Finnmarkgata fez Harry recordar-se da sua infância em Oppsal, deitado na
cama e a ouvir o trânsito. No Verão, quando estavam com o avô, no silêncio
de Åndalsnes, era a única coisa pela qual ansiava: o regresso ao zumbido
regular e soporífero dos carros, apenas interrompido por uma motorizada, um
tubo de escape ruidoso ou uma sirene da polícia ouvida à distância.
Alguém bateu na porta. Era Simon.
– Tess também gostaria que amanhã à noite lhe contasses uma história –
disse, ao entrar.
Harry contara-lhe que o canguru aprendera a saltar, e fora recompensado
com um abraço de boa noite por todos os seus filhos.
Os dois homens fumaram em silêncio. Harry apontou para a fotografia na
parede.
– Aquele é Raskol e o irmão? Stefan, o pai de Anna?
Simon encolheu os ombros, pouco interessado, e Harry percebeu que o
assunto era tabu.
– Na fotografia, parecem ser bons amigos – disse Harry.
– Eram como gémeos siameses. Companheiros.

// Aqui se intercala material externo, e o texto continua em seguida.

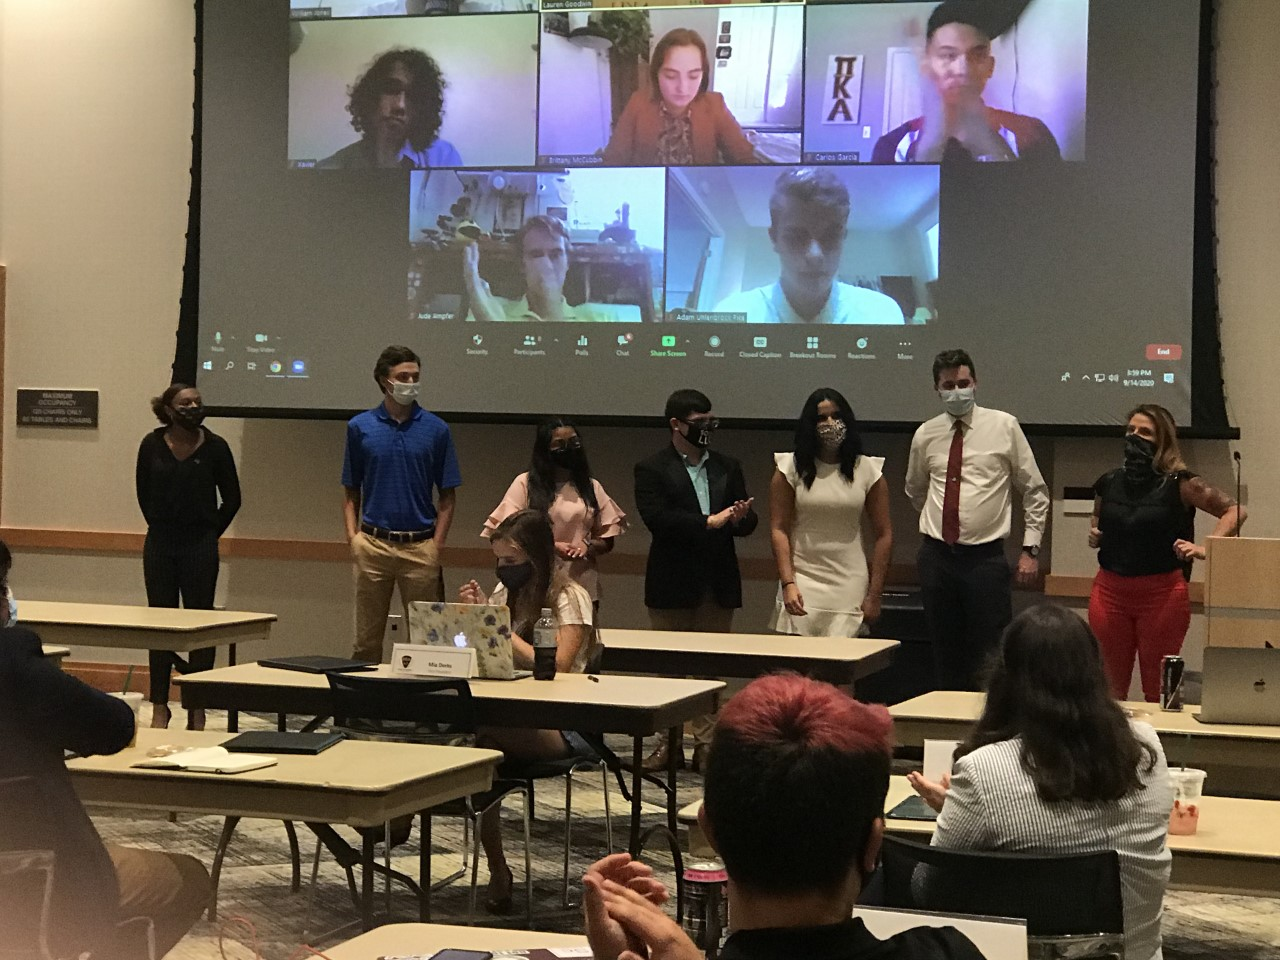 "Seven NKU students were sworn in as new SGA senators. From right to left: Mia Potter, Landon Meador, Karla Arango, James ""Jimmy"" Renton, Wendi Cantero, Tanner Stevenson and Kaitlin Minniefield."

Raskol cumpriu duas penas
de prisão por Stefan. – Simon riu-se. – Estou a ver que ficaste admirado, meu
amigo. É tradição. Não compreendes? É uma honra cumprir a sentença de um
pai ou de um irmão, percebes?
– A polícia não é da mesma opinião.
– Eles não conseguiam distinguir Raskol e Stefan um do outro. Irmãos
ciganos. Não é fácil para a polícia norueguesa. – Sorriu e ofereceu um cigarro
a Harry. – Em especial, quando usam máscaras.
Harry deu uma passa no cigarro e olhou para a escuridão.
– O que é que se meteu entre ambos?
– O que é que achas? – Simon escancarou os olhos numa expressão
dramática. – Uma mulher, é claro.
– Anna?
Simon não respondeu, mas Harry sabia que estava próximo.
– Foi por esse motivo que Stefan não quis voltar a saber de Anna? Porque
ela conhecera um gadjo?
Simon apagou o cigarro e levantou-se.